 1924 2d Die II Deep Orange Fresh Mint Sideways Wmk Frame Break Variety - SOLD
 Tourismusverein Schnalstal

-*-*-

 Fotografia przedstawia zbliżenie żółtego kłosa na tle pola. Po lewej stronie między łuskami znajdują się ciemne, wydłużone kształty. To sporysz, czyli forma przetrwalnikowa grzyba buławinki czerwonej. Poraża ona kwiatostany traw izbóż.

-*-*-

**TASK GOAL:**
In the listing above, find the line containing "1924 2d Die" and the line containing "Tourismusverein Schnalstal". Output them and every line between, exactly, and nothing else.

**RESPONSE BELOW:**
 1924 2d Die II Deep Orange Fresh Mint Sideways Wmk Frame Break Variety - SOLD
 Tourismusverein Schnalstal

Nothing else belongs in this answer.